Task details
Find the line that contains "2012 konnte ÖFB-Star". Copy it and every line after it to the end of the material below, exactly, with no pictures.

Information supplied

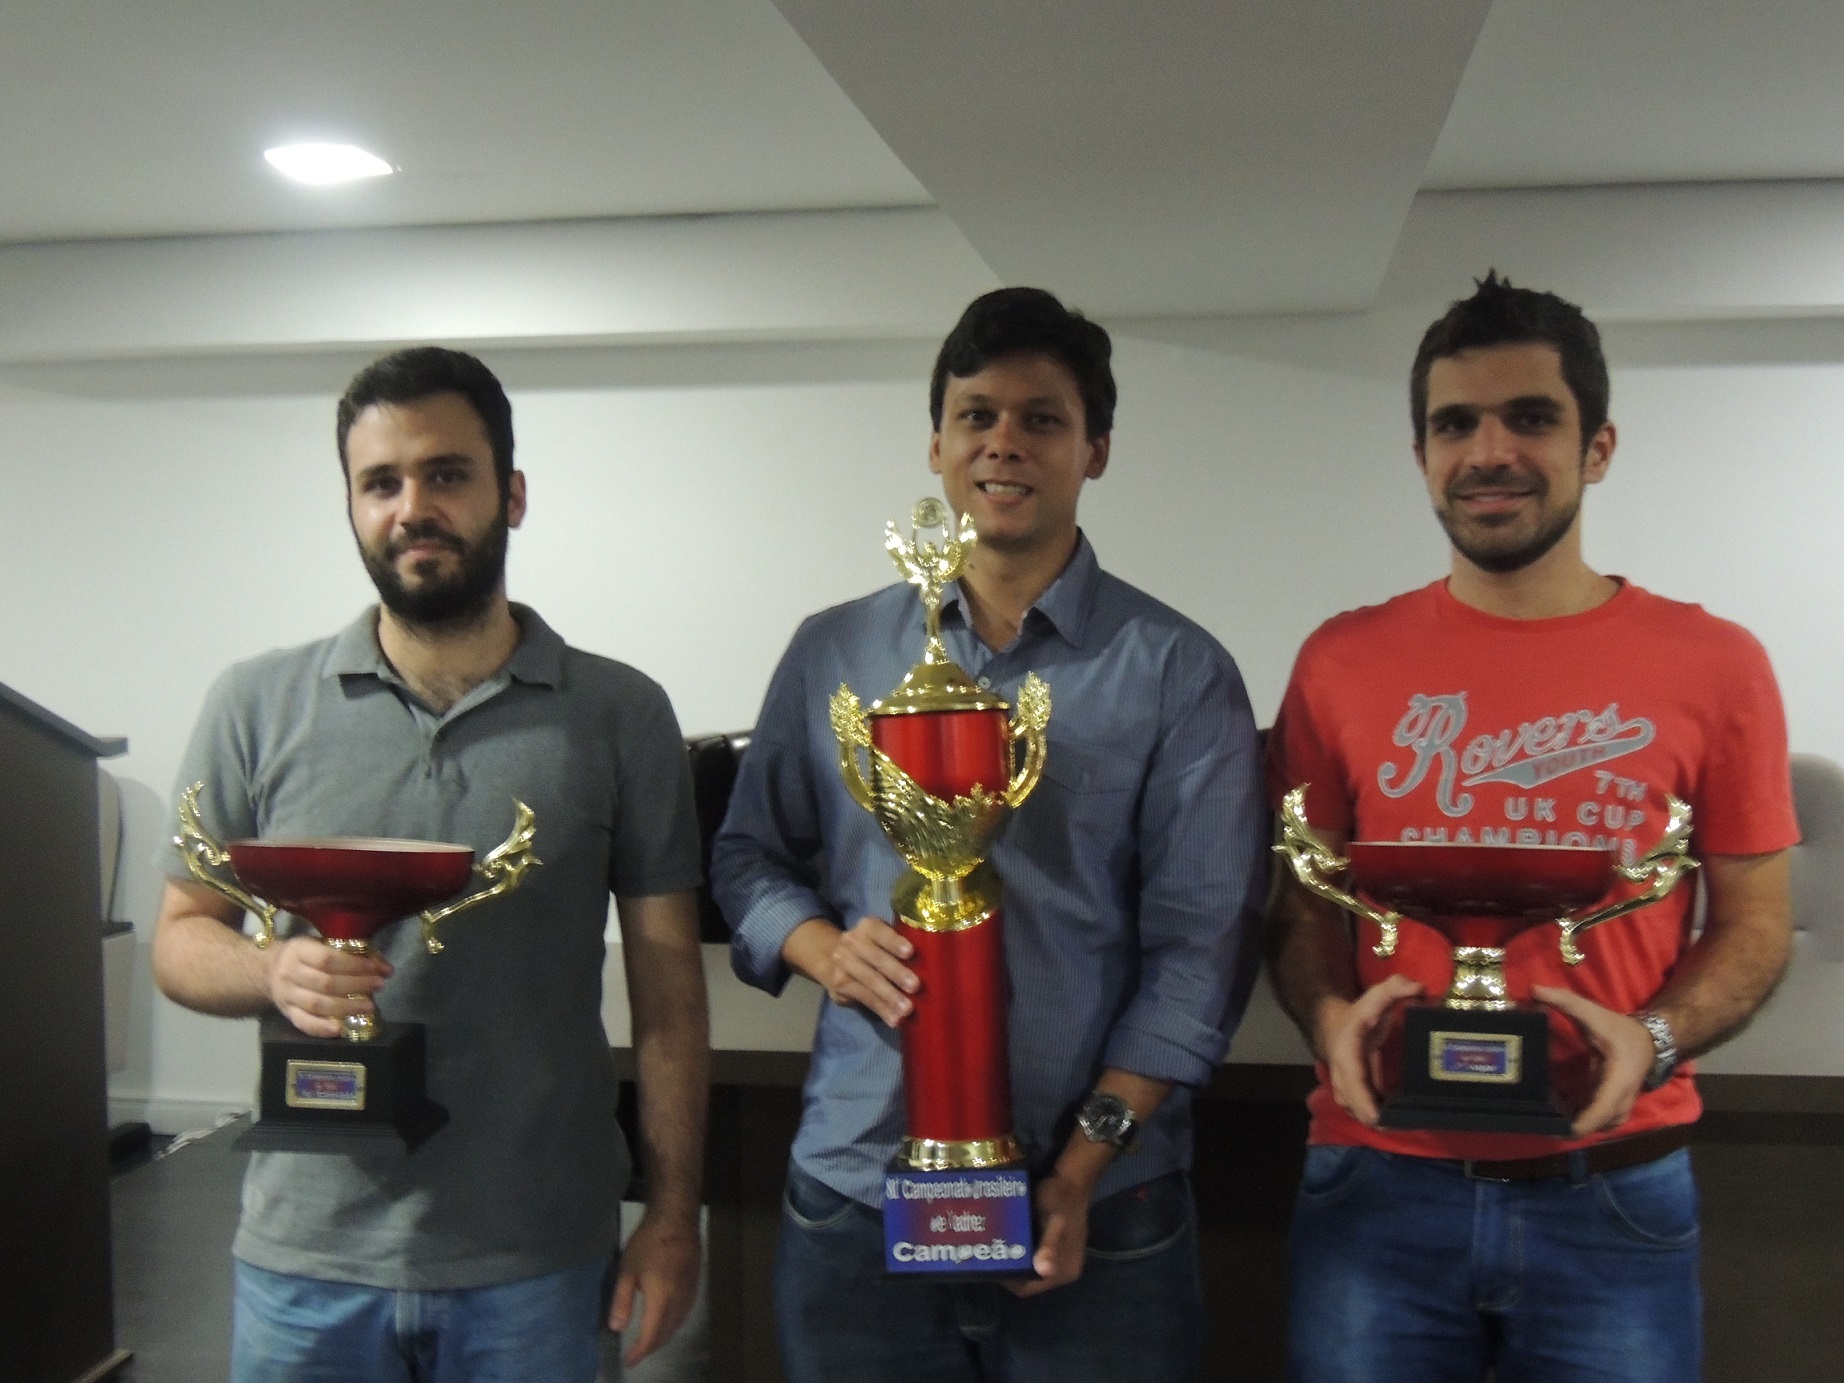 rafael leitão xadrez campeonato brasileiro
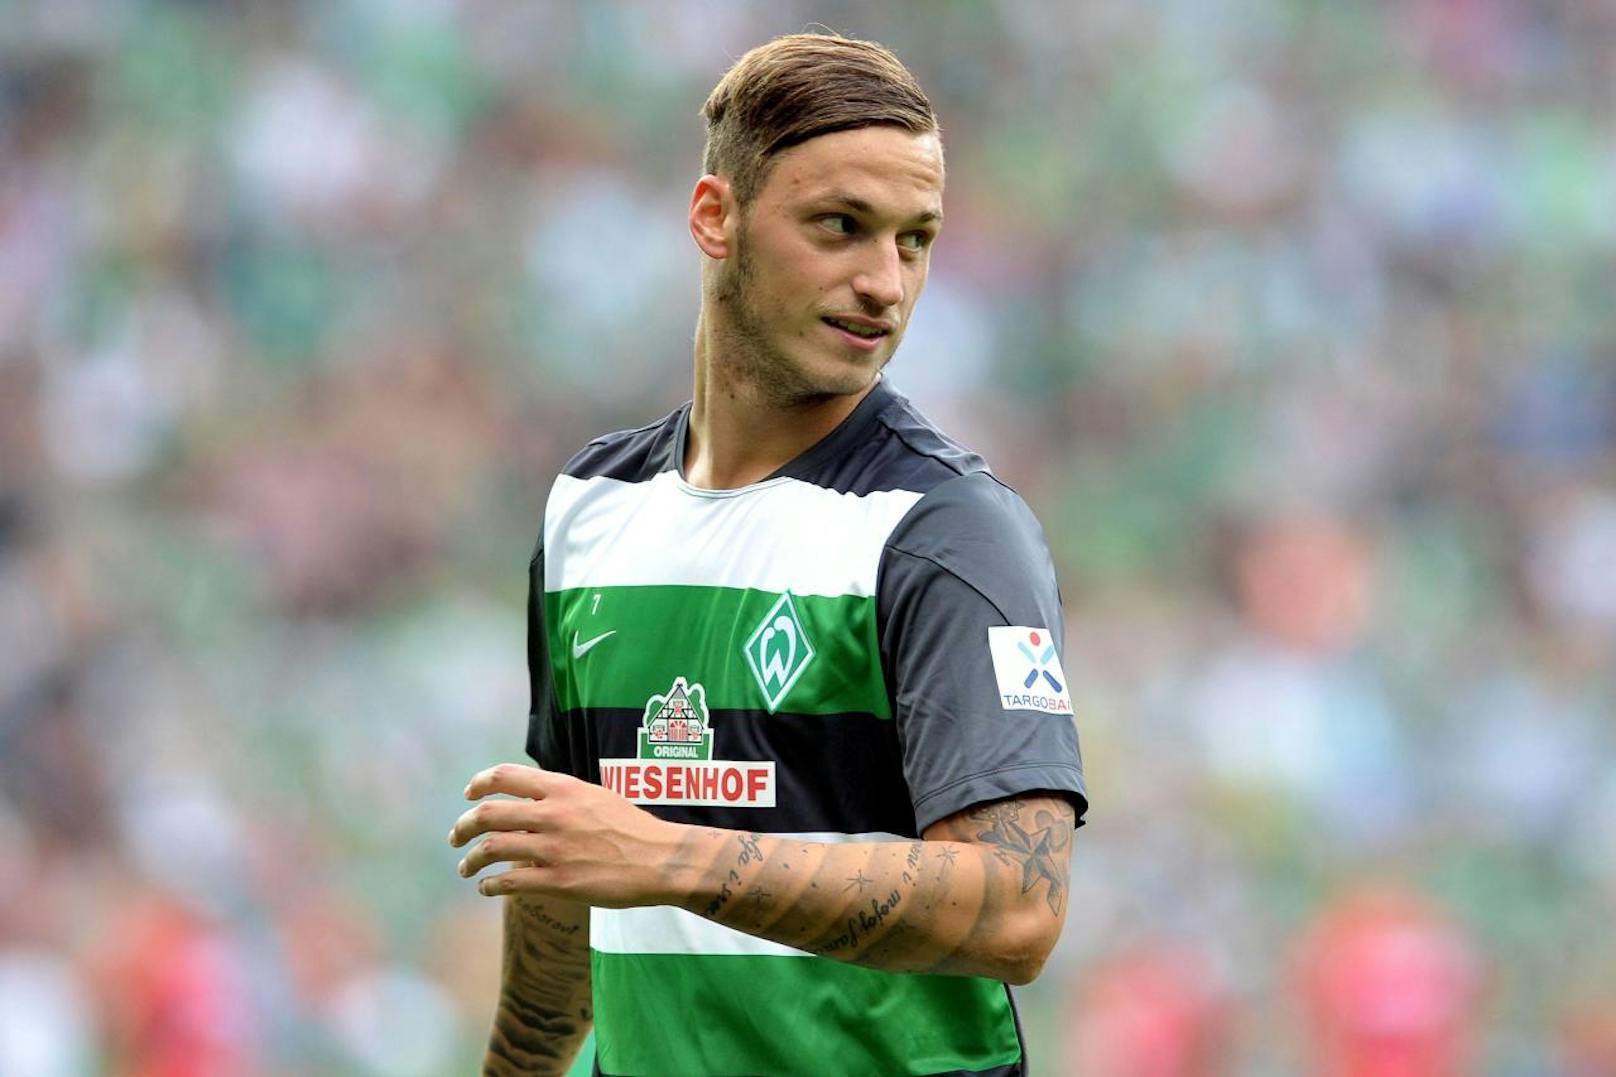 2012 konnte ÖFB-Star Marko Arnautovic zwei Monate lang für seinen damaligen Klub Werder Bremen nicht auflaufen. Der Offensivspieler hatte sich beim Spielen mit seinem Hund schwer am Knie verletzt, sich einen Innenbandriss zugezogen. 
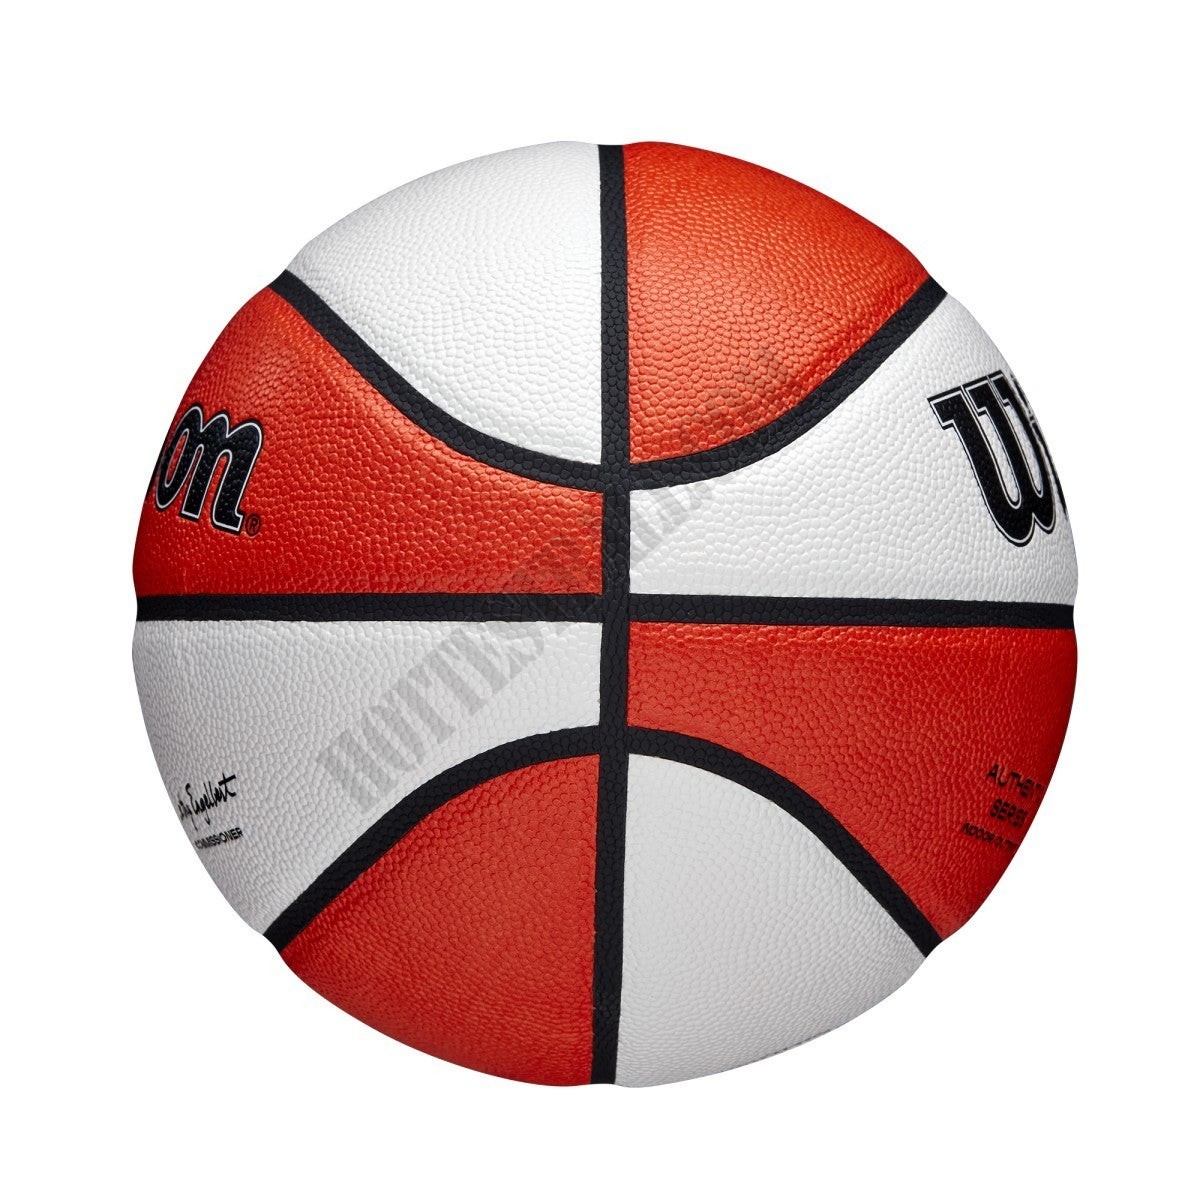 WNBA Authentic Indoor/Outdoor Basketball - Wilson Discount Store - -4

Answer for the task
 2012 konnte ÖFB-Star Marko Arnautovic zwei Monate lang für seinen damaligen Klub Werder Bremen nicht auflaufen. Der Offensivspieler hatte sich beim Spielen mit seinem Hund schwer am Knie verletzt, sich einen Innenbandriss zugezogen. 
 WNBA Authentic Indoor/Outdoor Basketball - Wilson Discount Store - -4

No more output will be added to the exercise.